How to count by group in R

Counting by various groups — in some cases called crosstab experiences — can be a beneficial way to look at information ranging from community impression surveys to medical assessments. For illustration, how did men and women vote by gender and age group? How numerous software program developers who use both of those R and Python are adult men vs. women of all ages?

There are a lot of methods to do this kind of counting by types in R. Below, I’d like to share some of my favorites.

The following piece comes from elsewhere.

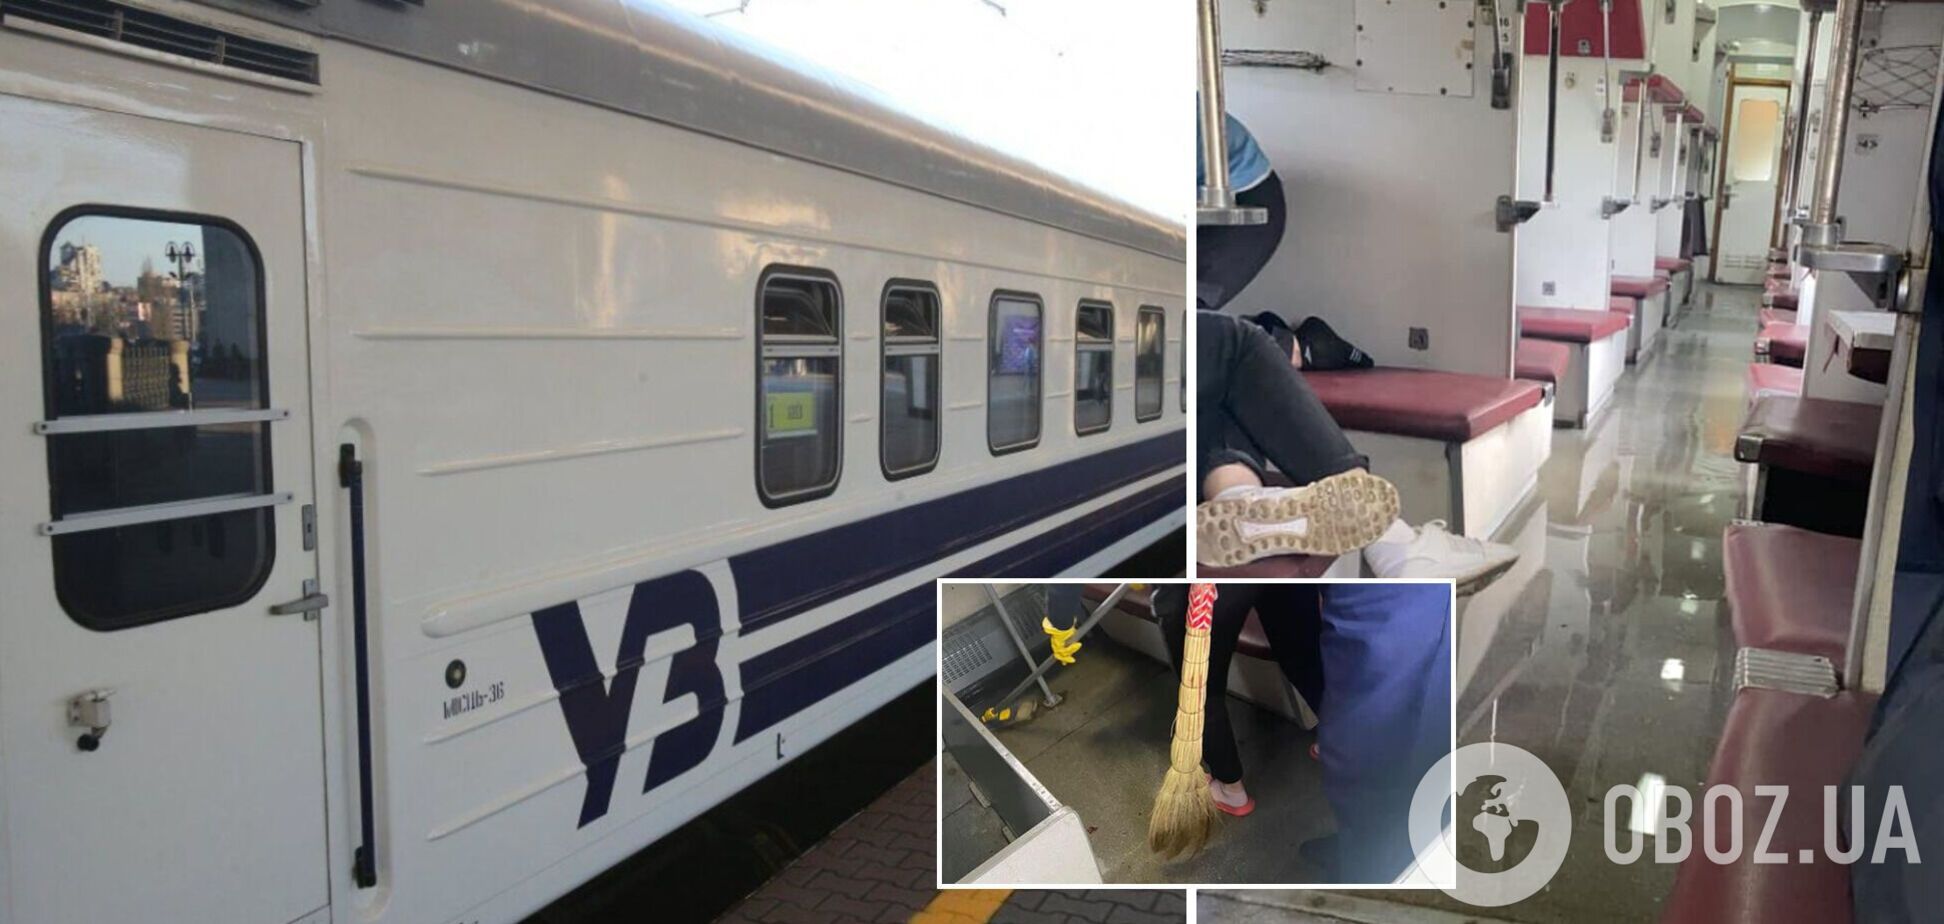 В вагоне 'Укрзалізниці' прорвало трубу: пассажиры опубликовали видео

For the demos in this article, I’ll use a subset of the Stack Overflow Builders study, which surveys developers on dozens of subjects ranging from salaries to systems utilized. I’ll whittle it down with columns for languages utilized, gender, and if they code as a interest. I also added my personal LanguageGroup column for no matter whether a developer reported employing R, Python, both of those, or neither.

If you’d like to follow along, the final web page of this article has recommendations on how to down load and wrangle the information to get the exact information set I’m employing.

The information has a single row for each and every study response, and the 4 columns are all figures.

str(mydata)
'data.frame':83379 obs. of  four variables:
 $ Gender            : chr  "Person" "Person" "Person" "Person" ...
 $ LanguageWorkedWith: chr  "HTML/CSSJavaJavaScriptPython" "C++HTML/CSSPython" "HTML/CSS" "CC++C#PythonSQL" ...
 $ Hobbyist          : chr  "Of course" "No" "Of course" "No" ...
 $ LanguageGroup     : chr  "Python" "Python" "Neither" "Python" ...

I filtered the uncooked information to make the crosstabs far more manageable, which includes eliminating missing values and having the two biggest genders only, Person and Girl.